In an alternative aspect of the invention the sodium soaps of tall oil soap are converted into alkaline earth metal soaps without any neutralization of the soap with carbon dioxide.

In this reaction, the tall oil soap is preferably mixed with water and then reacted at a temperature between 40 and 90° C., preferably 50 to 80° C. with an alkaline earth metal compound preferably selected, as above, from oxides and salts of calcium and magnesium. Since the tall oil soap contains more sodium soaps than does the soap oil described above, a larger amount of alkaline earth metal compound should be added to the soap in order to convert all or substantially all of the sodium soaps into alkaline earth metal soaps. The mixture should also be stirred to assist in keeping the reaction mixture uniform.

After the reaction is complete, the aqueous phase and the soap phase are separated to remove the sodium. The converted soap maybe washed e.g. with water to reduce the amount of sodium remaining in the converted product.

The aqueous phase contains a fair amount of sodium hydroxide and it may be used in the sulfate pulping process as a source of sodium hydroxide or it may be returned to the chemical recovery system or be combined with black liquor.

The converted tall oil soap may be used as a fuel with a low sodium content. It is not as easy to handle as the soap oil described above, but it has a good heat value and it may also be used to replace fossil fuels with the same advantages as described above.

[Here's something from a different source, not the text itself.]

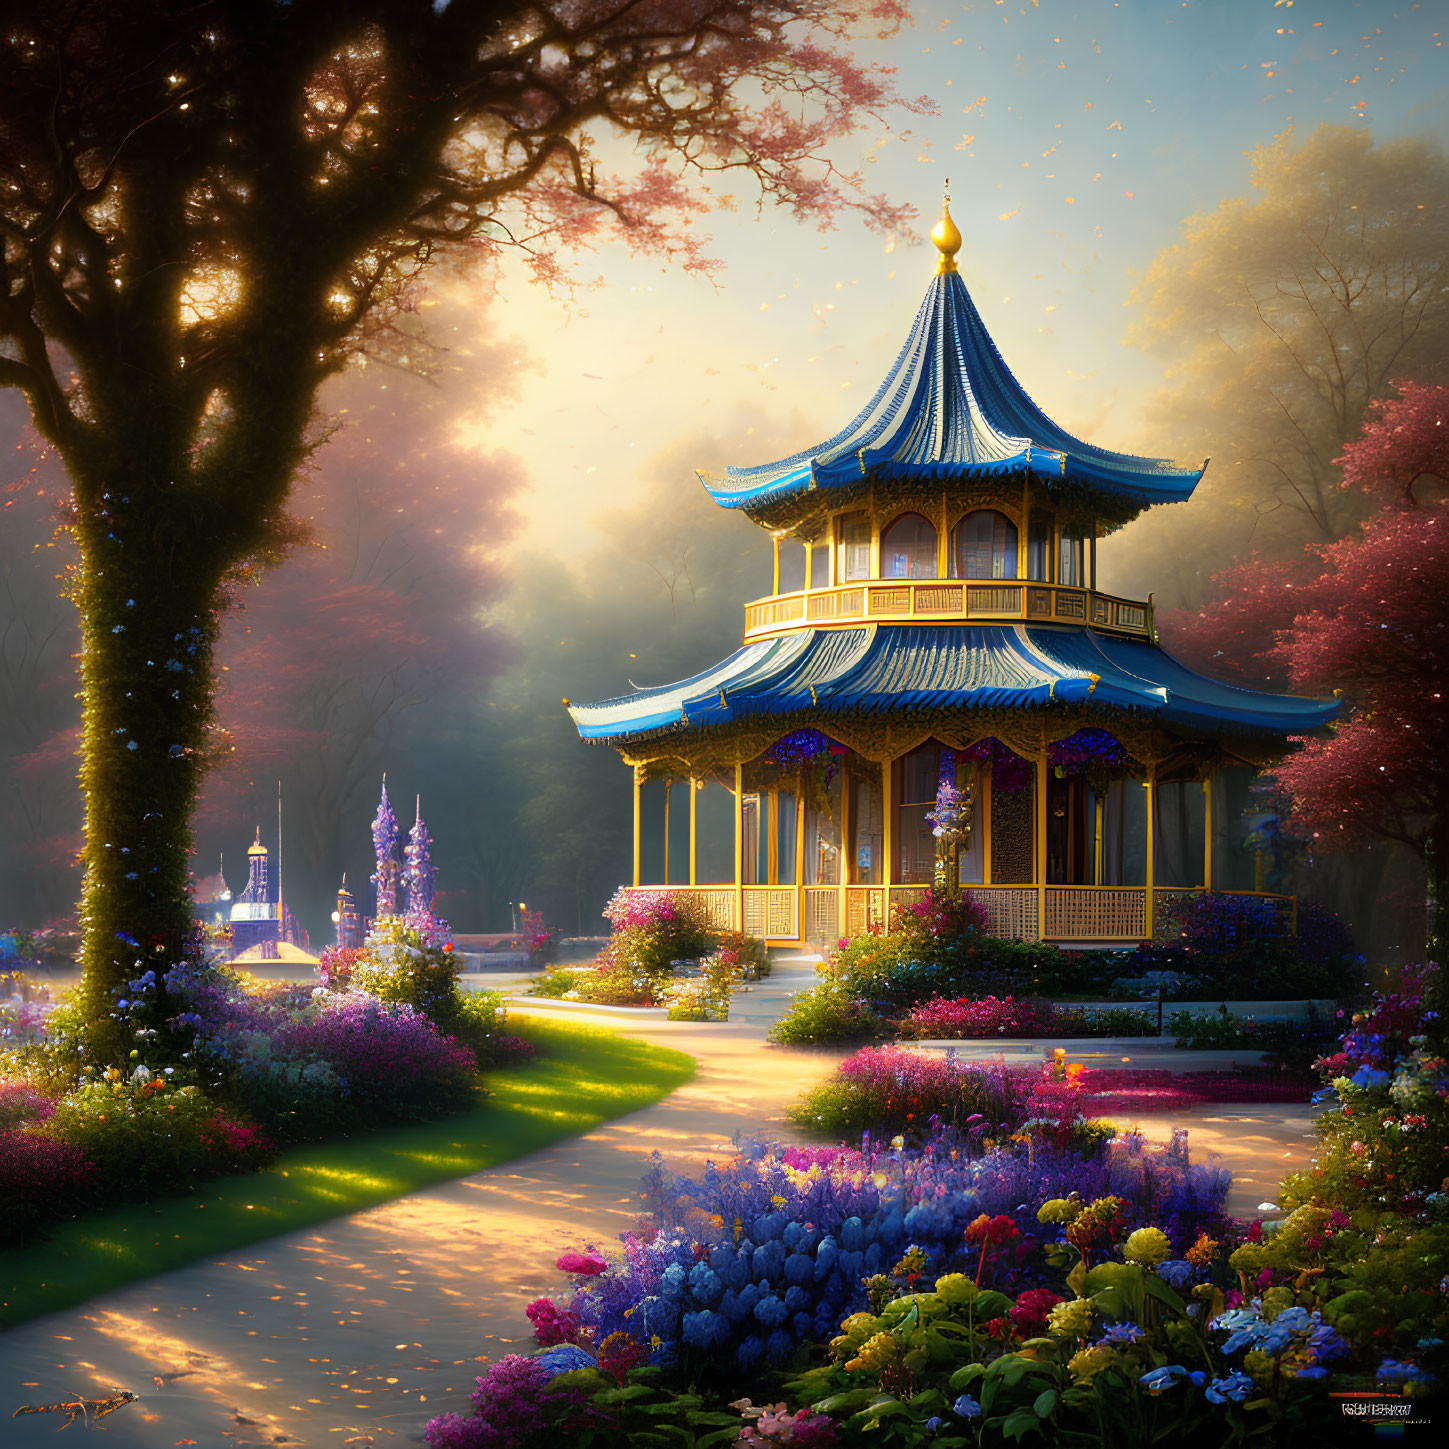 Traditional Asian-style pagoda in lush garden with blooming flowers and warm sunlight.

The converted tall oil soap may also be neutralized with carbon dioxide and water in the same manner as that described for non-converted tall oil soap. The neutralization with carbon dioxide proceeds smoothly and the resulting oil phase does not materially differ from that produced by first neutralizing and then converting the soap oil. The converted soap oil may be used for providing a fuel in the same way as described above.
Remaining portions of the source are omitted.